Humor betekent niet dat alles kan
Nogmaals, een gebrek aan respect geeft niemand vrijgeleide om in het rond te gaan schieten. Maar ik ben geschrokken door het grote aantal mensen die het blijkbaar normaal vinden dat een medium polariserende, haatdragende inhoud publiceert. Meer nog, Charlie Hebdo wordt nu langs alle kanten toegejuicht als de vlagdrager van de vrijheid, als een soort dappere guerrillabeweging die vooral moet blijven draaien. Zo’n soort journalist wil ik niet zijn.
"Ja, maar het is allemaal om te lachen!", hoor ik u zeggen. "Moslims hebben gewoon geen gevoel voor zelfrelativering!" Tja. Als gelijkaardige dingen gepubliceerd zouden worden over joden, hebben we meteen te maken met antisemitisme en staat de halve wereld op haar kop. Als ik zeg dat iemand verwijfd is, kan ik ook beweren dat dat om te lachen is, maar de persoon tegen wie ik het zeg zal daar vast anders over denken.

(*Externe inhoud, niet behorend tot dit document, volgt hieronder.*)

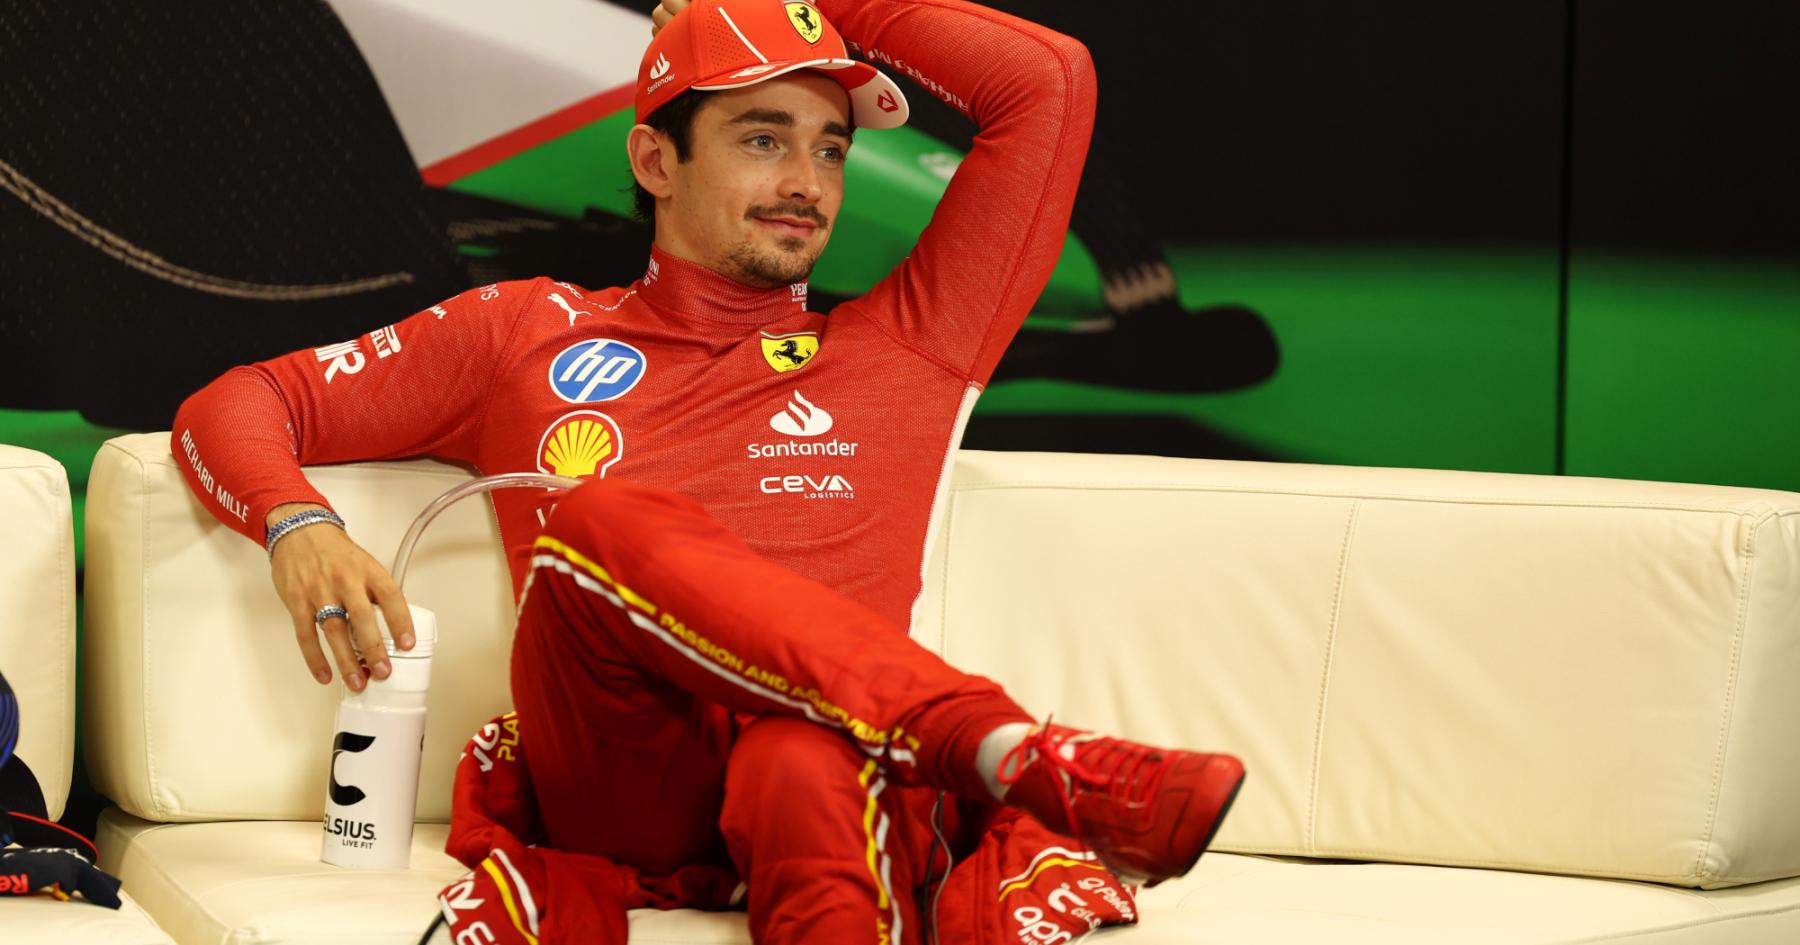 Leclerc's Bold Move: An Inside Look at the Sudden F1 Engineer Swap
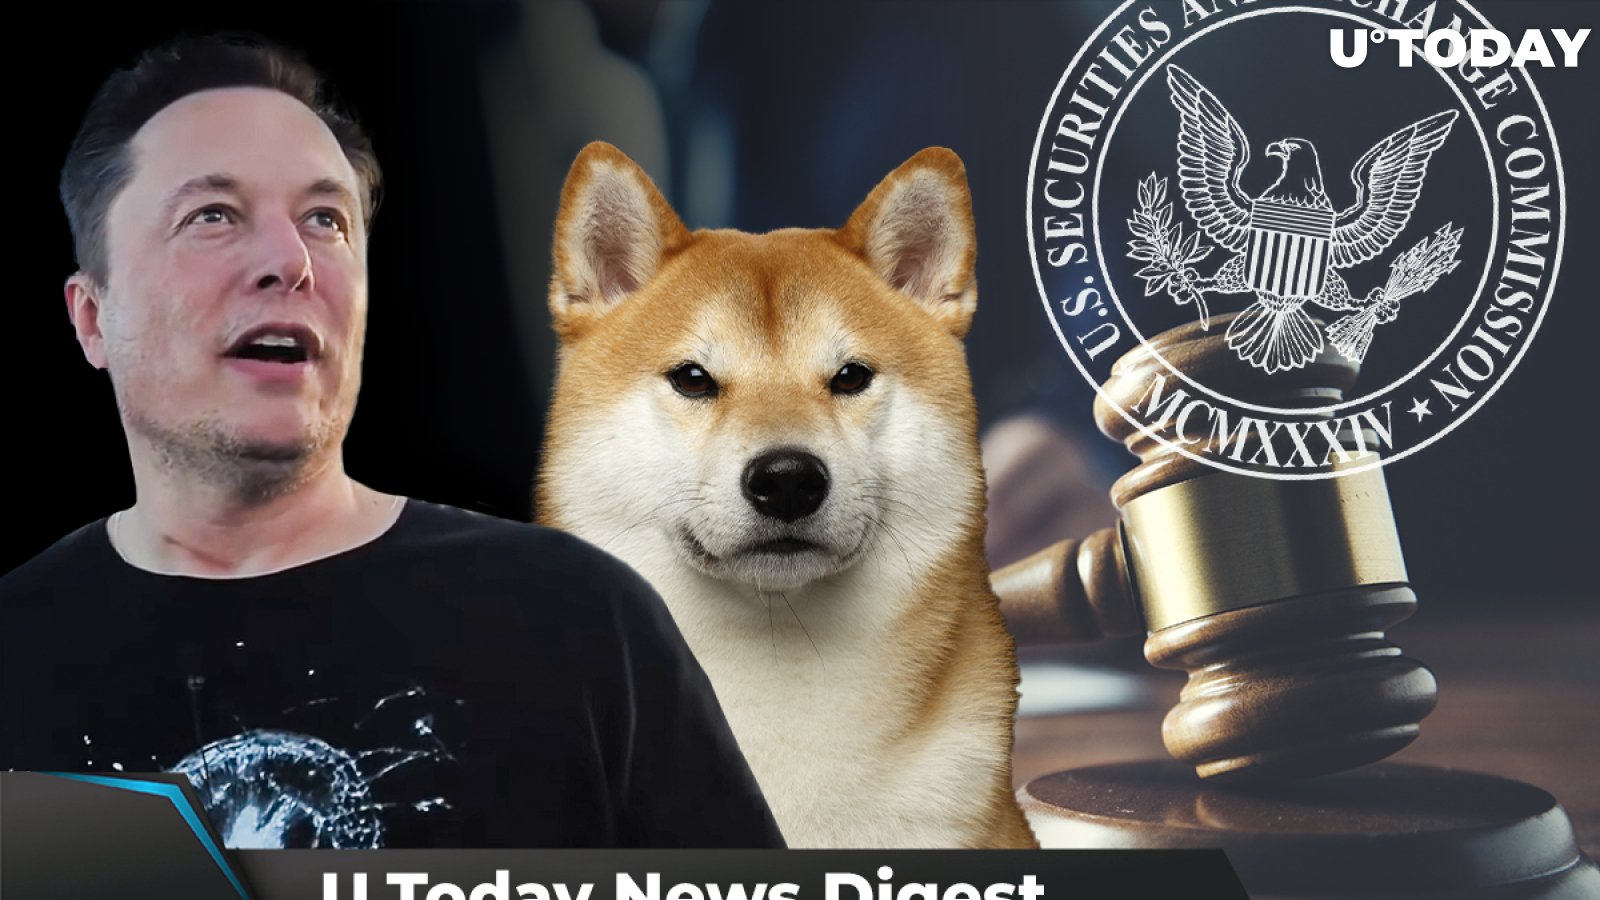 Elon Musk Shiba Inu Photo Sparks over 90,000 tweets, XRP Holders to Help Court: Crypto News Digest by U.Today

Moeten we daarom allemaal onze mond houden over dingen die een ander verkeerd kan opvatten? Nee. Mogen we geen mopjes maken over religie? Ja, dat mag wel. Maar we zouden wel altijd, in alles wat we doen en zeggen, moeten proberen om ook de andere kant te zien. Bovenal zouden we allemaal genoeg menselijkheid moeten kunnen opbrengen om onze mening, hoe sterk ook, uit te drukken op een respectvolle wijze. Dat is de enige manier waarop we een evenwichtige, leefbare wereld kunnen creëren.
En daarom, ondanks alles: #JeNeSuisPasCharlie.